State regulators stepped in to prevent a crude oil pipeline shutdown, a move that could shape near-term operations and future oversight.

(P&GJ) — California regulators have approved emergency interim rate relief for Crimson Utilities’ San Pablo Bay crude oil pipeline system, allowing a nearly 60% increase in shipping rates to prevent a potential suspension of pipeline operations, according to a draft resolution issued by the California Public Utilities Commission (CPUC).

The resolution authorizes Crimson Utilities — San Pablo Bay Pipeline Company LLC and Crimson California Pipeline LP — to raise interim transportation rates on the SPB-KLM system to $3.7527 per barrel, effective August 1, 2025, subject to refund. Regulators concluded the increase is necessary to address sustained volume declines that have left the pipeline with negative operating cash flow and, at times, zero nominations.
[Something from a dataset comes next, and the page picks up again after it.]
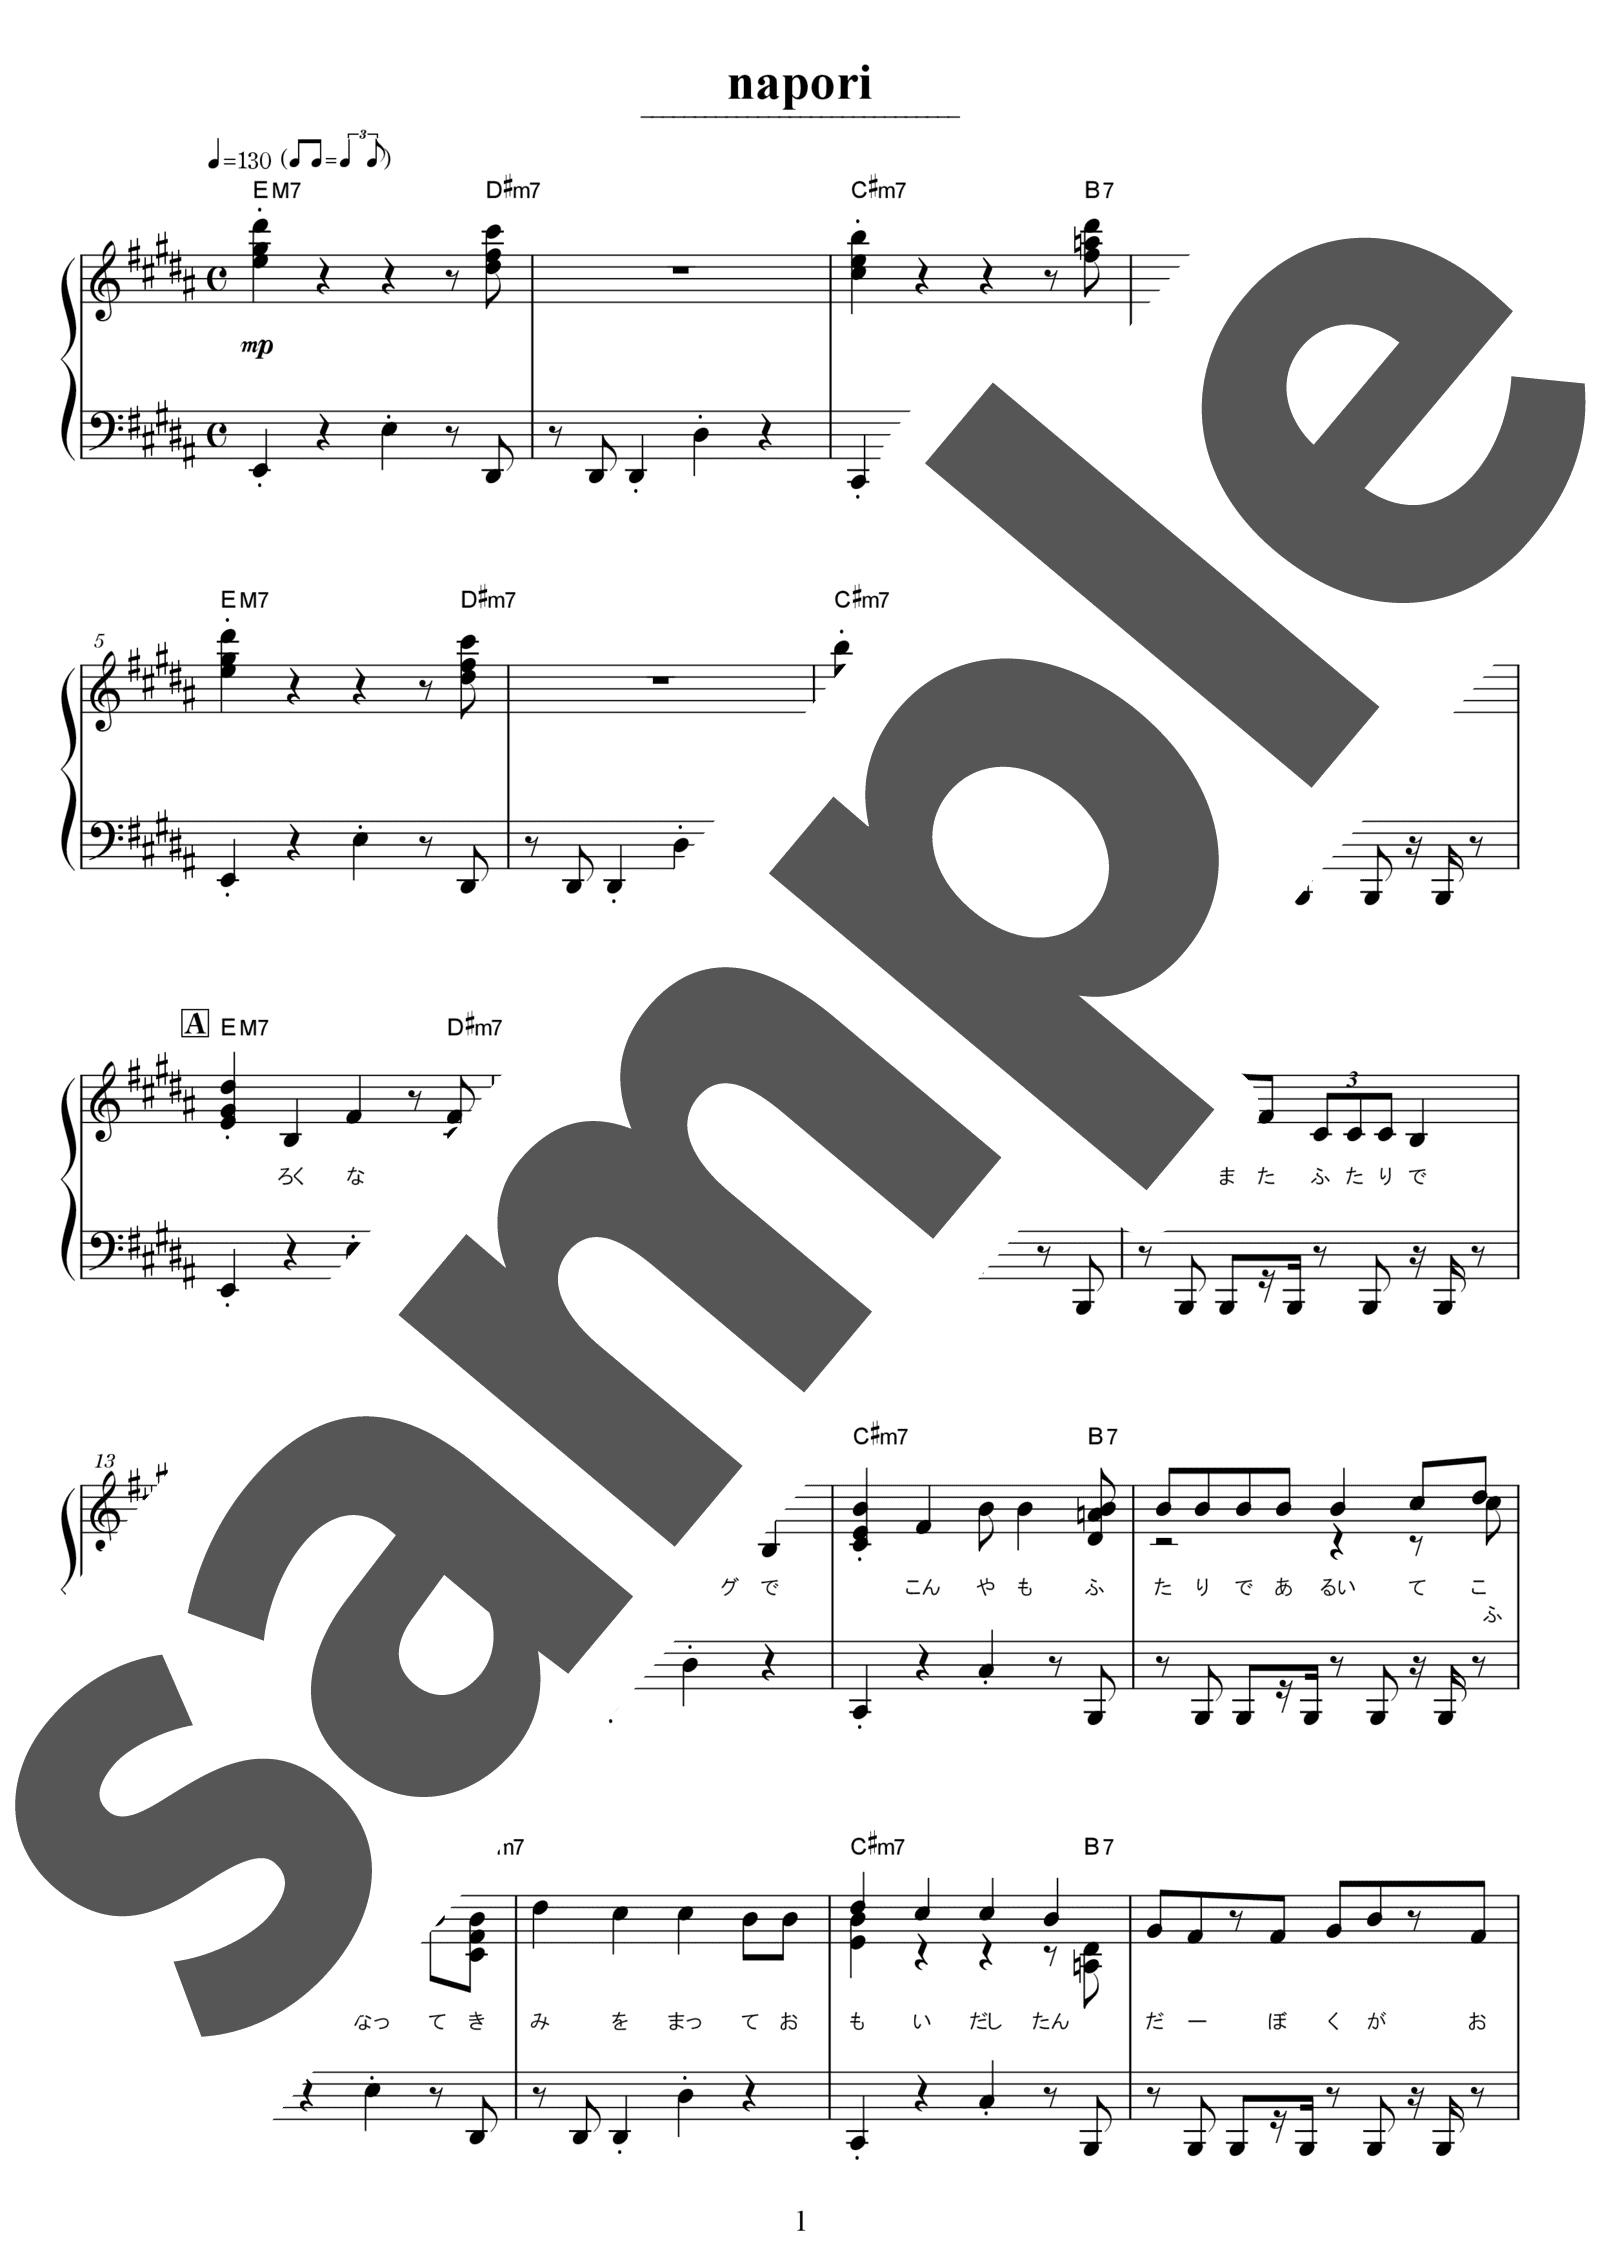 「napori」のサンプル楽譜

The SPB-KLM system is a 373-mile intrastate crude oil pipeline that transports crude from California’s San Joaquin Valley to refineries in the San Francisco Bay Area. CPUC staff found that declining throughput — including months where nominations dropped to zero — threatened the pipeline’s continued operation absent immediate relief.

“As reflected in the data provided, Crimson reported that nominations for the SPB-KLM pipeline for December 2025 were zero and that continued operation of the system without interim rate relief would not be financially sustainable,” the resolution states.

Regulators warned that suspending operations could disrupt crude movements across California, force greater reliance on trucking or waterborne transport, and introduce additional environmental and safety risks. The commission also noted that the SPB-KLM line plays a critical role when other crude pipelines experience outages.

Chevron Products Company and Valero Marketing and Supply Company protested the request, arguing the increase exceeded statutory limits and should be resolved through formal hearings. Crimson countered that California law does not restrict the commission’s authority to approve interim rate relief above 10% when circumstances warrant immediate action.

“The Commission has statutory authority to approve emergency rate relief for oil pipeline corporations in excess of 10 percent per year where, in the Commission’s discretion, circumstances warrant such relief,” the resolution concluded.

The CPUC emphasized that the rate increase is interim only, with final rates and any refunds to be determined in Crimson’s pending general rate case. As a condition of approval, Crimson must secure a letter of credit to protect shippers in the event refunds are required.